▸ **Exercise aim**: Tell me how many lines in the data include "Soul", and keep the reply to that number.

▸ **Input data**:
───
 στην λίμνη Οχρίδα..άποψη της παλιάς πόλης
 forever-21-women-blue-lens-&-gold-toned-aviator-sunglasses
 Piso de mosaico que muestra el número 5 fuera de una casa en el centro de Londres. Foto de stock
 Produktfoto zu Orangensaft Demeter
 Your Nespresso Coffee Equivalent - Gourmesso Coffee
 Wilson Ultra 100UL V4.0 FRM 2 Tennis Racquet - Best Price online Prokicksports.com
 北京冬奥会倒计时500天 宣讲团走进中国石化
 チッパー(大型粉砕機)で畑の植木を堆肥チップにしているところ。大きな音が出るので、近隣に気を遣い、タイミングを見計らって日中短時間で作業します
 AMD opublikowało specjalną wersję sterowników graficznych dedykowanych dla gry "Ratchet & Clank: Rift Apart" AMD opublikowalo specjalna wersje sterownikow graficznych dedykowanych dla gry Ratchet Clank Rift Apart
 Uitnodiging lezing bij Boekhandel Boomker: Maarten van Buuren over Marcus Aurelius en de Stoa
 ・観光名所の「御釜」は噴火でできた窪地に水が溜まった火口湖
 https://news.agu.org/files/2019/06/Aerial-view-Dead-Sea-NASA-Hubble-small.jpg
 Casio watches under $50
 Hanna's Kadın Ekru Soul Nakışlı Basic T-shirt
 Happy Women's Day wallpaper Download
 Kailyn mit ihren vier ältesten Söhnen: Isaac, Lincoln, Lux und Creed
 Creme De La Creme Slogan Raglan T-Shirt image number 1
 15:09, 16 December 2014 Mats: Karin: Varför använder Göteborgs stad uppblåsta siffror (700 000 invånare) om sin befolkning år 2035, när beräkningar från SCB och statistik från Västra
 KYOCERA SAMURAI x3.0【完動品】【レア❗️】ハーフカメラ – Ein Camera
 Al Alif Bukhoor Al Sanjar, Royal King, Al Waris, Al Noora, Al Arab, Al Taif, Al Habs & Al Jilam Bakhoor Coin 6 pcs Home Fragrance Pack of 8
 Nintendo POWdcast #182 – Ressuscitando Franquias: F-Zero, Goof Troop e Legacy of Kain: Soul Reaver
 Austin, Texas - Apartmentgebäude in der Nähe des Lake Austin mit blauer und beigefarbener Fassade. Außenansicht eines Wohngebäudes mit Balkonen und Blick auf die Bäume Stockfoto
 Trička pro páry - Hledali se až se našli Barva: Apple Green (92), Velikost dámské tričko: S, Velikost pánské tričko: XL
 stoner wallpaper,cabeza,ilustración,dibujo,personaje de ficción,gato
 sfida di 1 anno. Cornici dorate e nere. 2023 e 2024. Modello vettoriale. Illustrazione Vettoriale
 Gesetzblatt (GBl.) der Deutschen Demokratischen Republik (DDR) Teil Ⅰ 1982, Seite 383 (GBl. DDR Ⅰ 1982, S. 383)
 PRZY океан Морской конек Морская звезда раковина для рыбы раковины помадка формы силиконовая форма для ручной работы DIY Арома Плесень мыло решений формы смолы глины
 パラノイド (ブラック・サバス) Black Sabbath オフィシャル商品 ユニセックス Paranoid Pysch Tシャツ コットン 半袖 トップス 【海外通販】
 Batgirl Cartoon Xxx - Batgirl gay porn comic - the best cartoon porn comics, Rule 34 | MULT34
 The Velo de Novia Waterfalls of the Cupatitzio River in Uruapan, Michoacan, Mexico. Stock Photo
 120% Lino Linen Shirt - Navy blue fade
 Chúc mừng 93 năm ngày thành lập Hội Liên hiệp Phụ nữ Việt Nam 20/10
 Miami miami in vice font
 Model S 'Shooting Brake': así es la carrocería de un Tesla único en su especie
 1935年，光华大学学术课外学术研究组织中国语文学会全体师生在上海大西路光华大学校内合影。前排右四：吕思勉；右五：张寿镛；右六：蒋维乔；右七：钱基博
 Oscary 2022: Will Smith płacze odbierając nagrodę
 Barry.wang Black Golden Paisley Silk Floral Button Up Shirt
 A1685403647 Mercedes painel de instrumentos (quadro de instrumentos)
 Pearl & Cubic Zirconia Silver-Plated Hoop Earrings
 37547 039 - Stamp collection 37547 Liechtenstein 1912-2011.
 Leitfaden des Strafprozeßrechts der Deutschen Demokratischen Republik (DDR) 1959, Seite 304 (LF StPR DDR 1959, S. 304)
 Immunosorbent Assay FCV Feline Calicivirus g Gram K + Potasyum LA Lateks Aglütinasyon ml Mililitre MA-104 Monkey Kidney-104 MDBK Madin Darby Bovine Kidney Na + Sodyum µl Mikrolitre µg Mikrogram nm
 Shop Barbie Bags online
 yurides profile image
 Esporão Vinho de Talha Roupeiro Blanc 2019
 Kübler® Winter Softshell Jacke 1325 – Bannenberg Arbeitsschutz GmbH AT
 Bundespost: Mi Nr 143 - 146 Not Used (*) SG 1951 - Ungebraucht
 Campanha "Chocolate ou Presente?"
───
▸ **Answer section**: 2